Os seis primeiros versículos desse capítulo mostram que, se alguém se lembrar que vai morrer e refletir sobre o impacto que essa verdade traz consigo, é possível alcançar alguma sabedoria, tanto teórica como prática. Mas essa sabedoria é posta muitas vezes à prova em meio a circunstâncias que tentam o sábio a agir segundo seus impulsos e não de acordo com o conhecimento que adquire por meio da Palavra de Deus e do temor do Senhor. O Pregador demonstra, nesse trecho, que a sabedoria de Deus dispõe a vida humana de modo a torná-la bela, apesar dos seus absurdos (cf. 7.14),[1] sendo justamente nas adversidades que as qualidades do sábio são aquilatadas.
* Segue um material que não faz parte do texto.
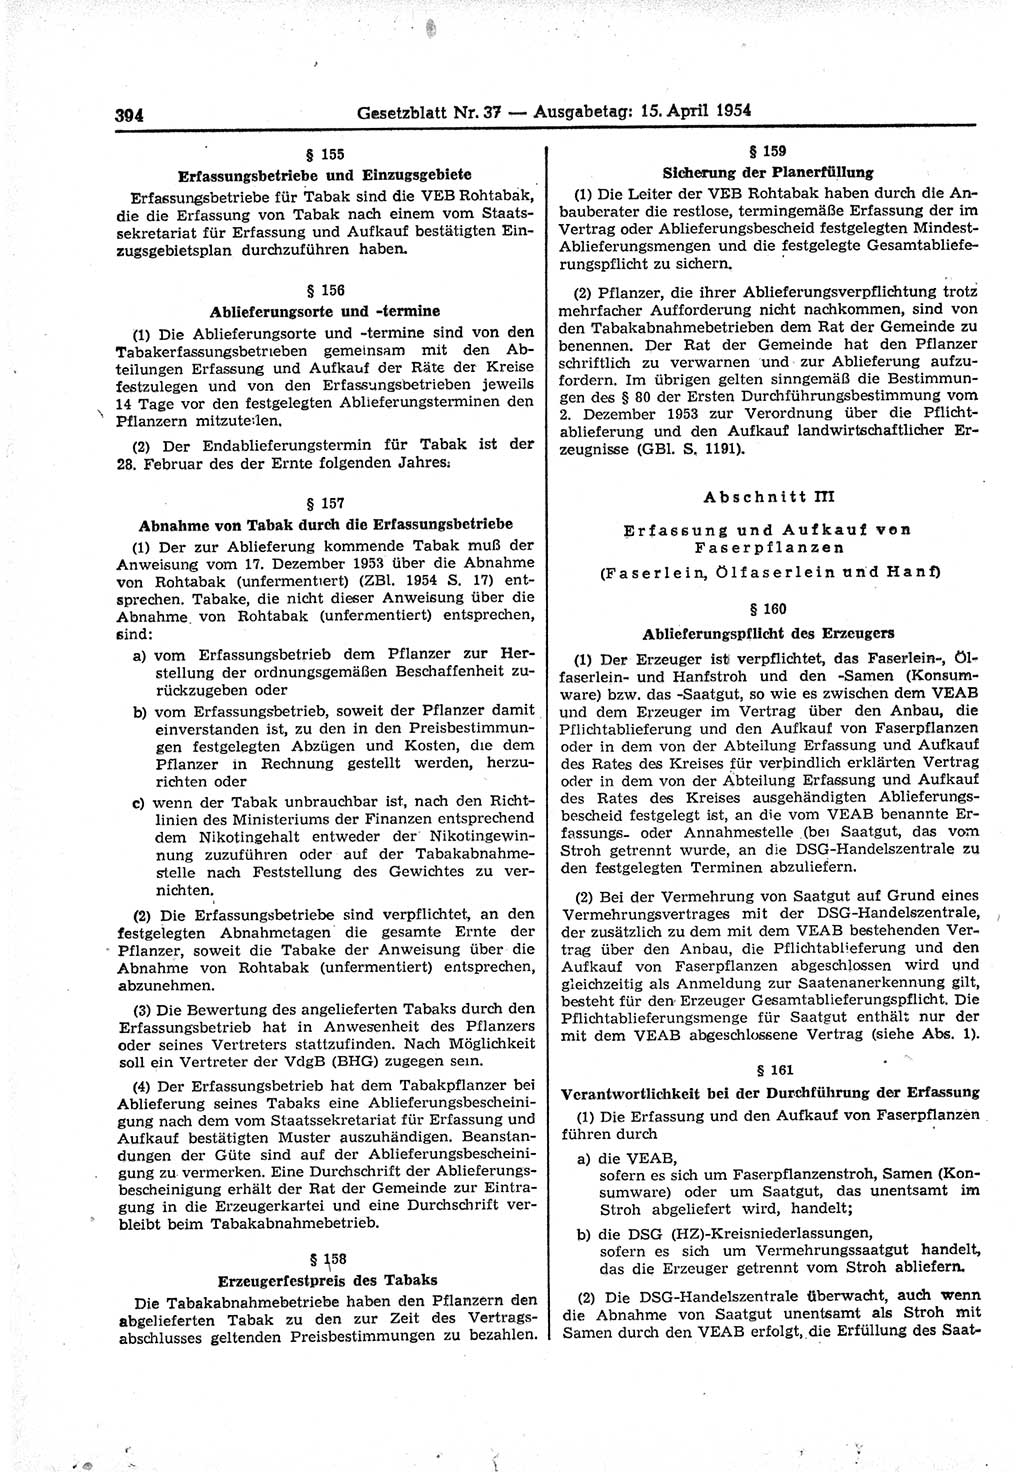 Gesetzblatt (GBl.) der Deutschen Demokratischen Republik (DDR) 1954, Seite 394 (GBl. DDR 1954, S. 394)

A inserção da frase “isso também é futilidade” no versículo anterior (v.6), tão comum na primeira metade do livro, demonstra que a comparação entre o sábio e o tolo vai assumir uma nova forma, com uma nova lição que a pessoa que quer ser sábia nesse mundo precisa aprender (v.7): “A opressão pode transtornar o sábio, assim como a propina pode desencaminhar o coração”. O tema da opressão já foi abordado pelo autor (4.1; 5.8), mas, aqui, fica difícil determinar se o texto coloca o sábio na figura do opressor ou do oprimido.[2] Se o primeiro caso for o correto, então, atuando com opressão sobre quem não consegue se defender, o sábio age como se fosse um tolo, “transtornado” pela cobiça e pela ganância do mundo. Quem se porta desse modo, segundo descrito na primeira metade do livro, é movido por valores de quem só acredita no que vê na vida “debaixo do Sol”, ignorando qualidades intrínsecas do caráter sábio como honestidade, verdade, justiça, humildade e amor.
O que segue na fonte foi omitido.